Exercise — Output the listing word for word, minus images.

Supplied data —
# # #
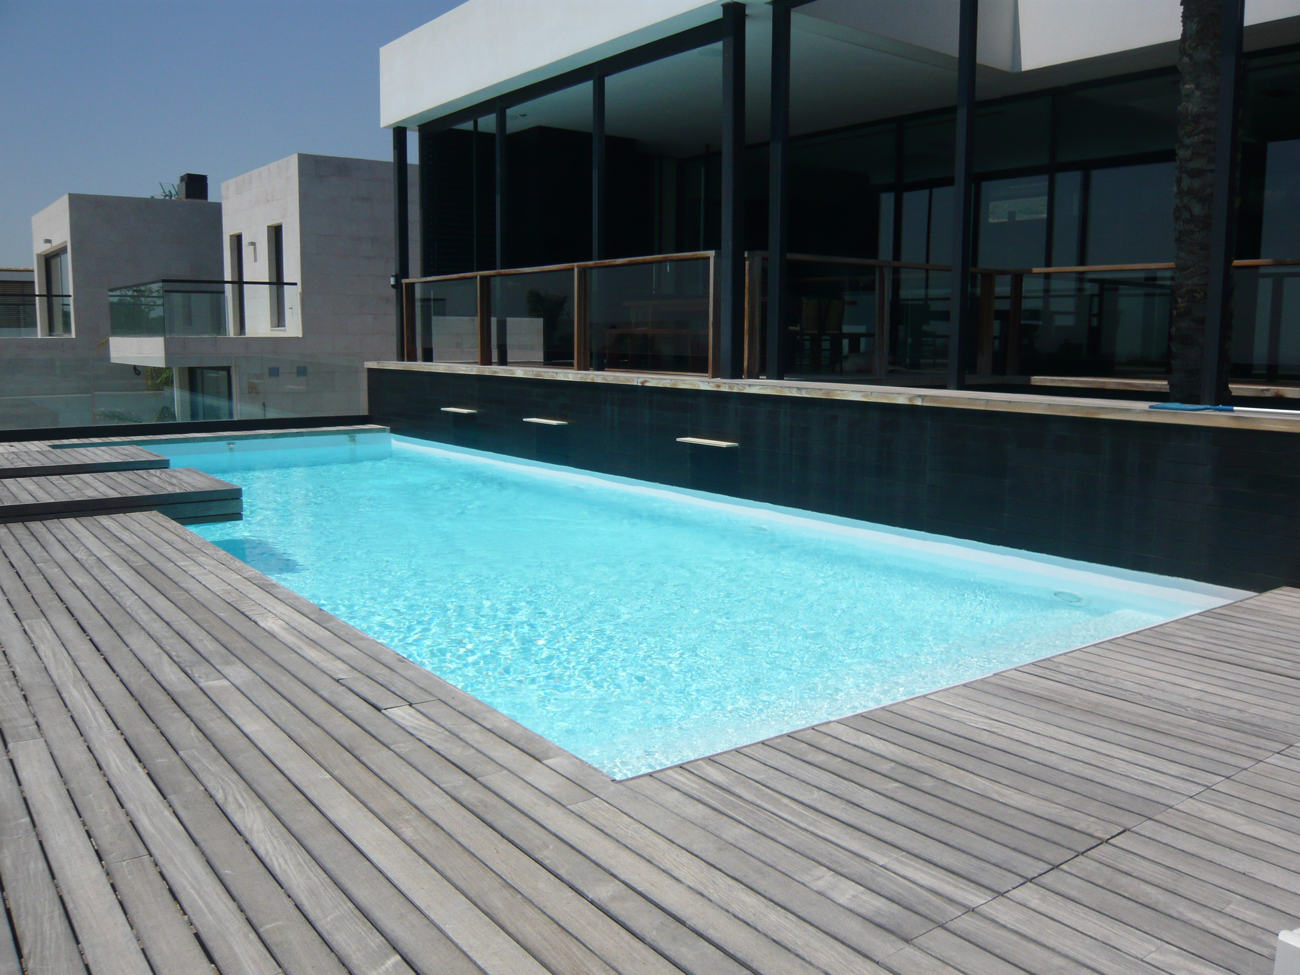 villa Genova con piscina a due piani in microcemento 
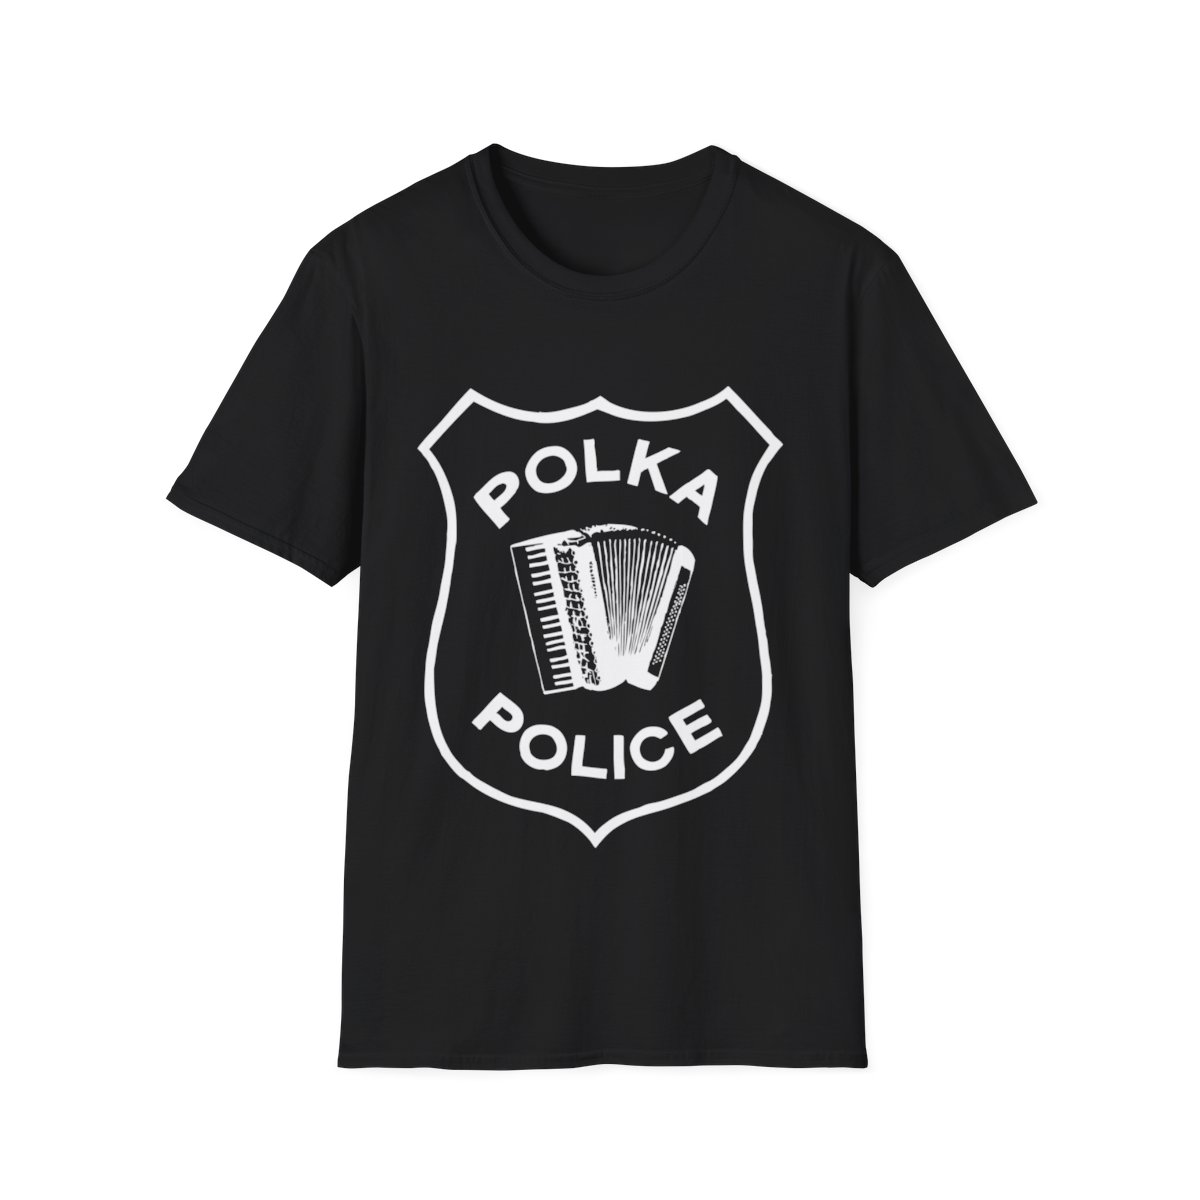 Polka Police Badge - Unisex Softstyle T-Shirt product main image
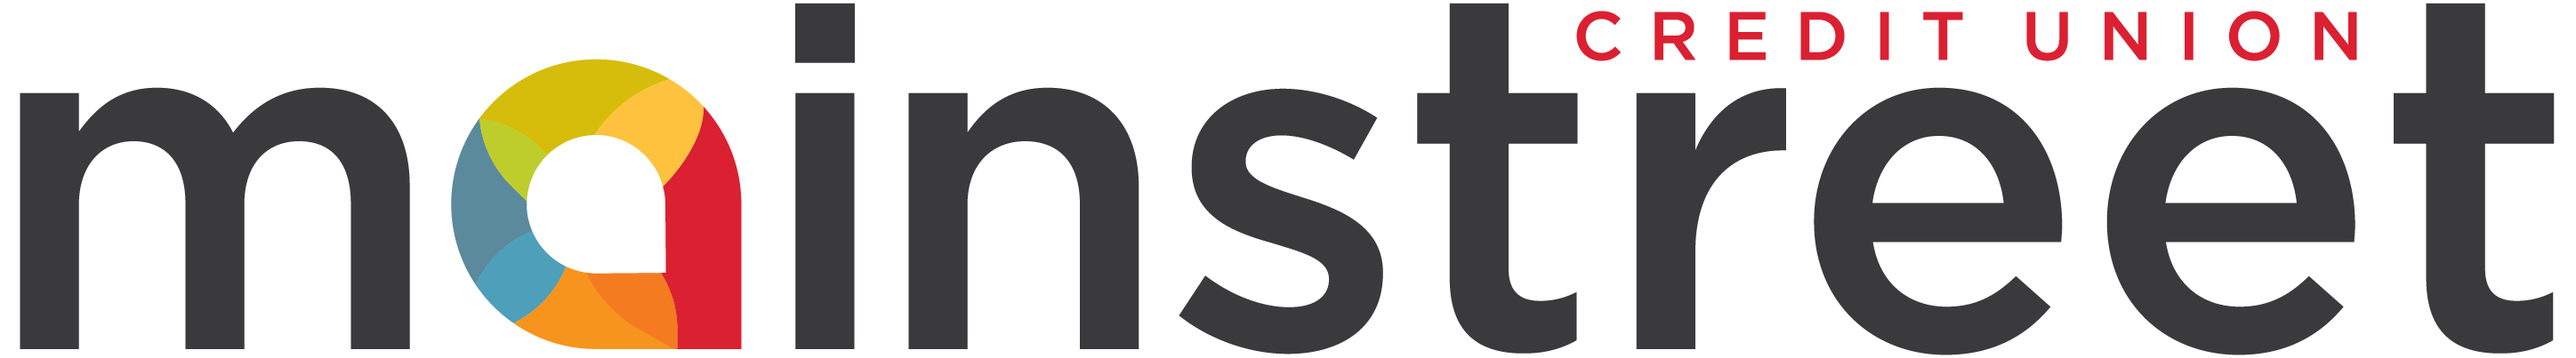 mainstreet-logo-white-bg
# # #
Result of this task —
 villa Genova con piscina a due piani in microcemento 
 Polka Police Badge - Unisex Softstyle T-Shirt product main image
 mainstreet-logo-white-bg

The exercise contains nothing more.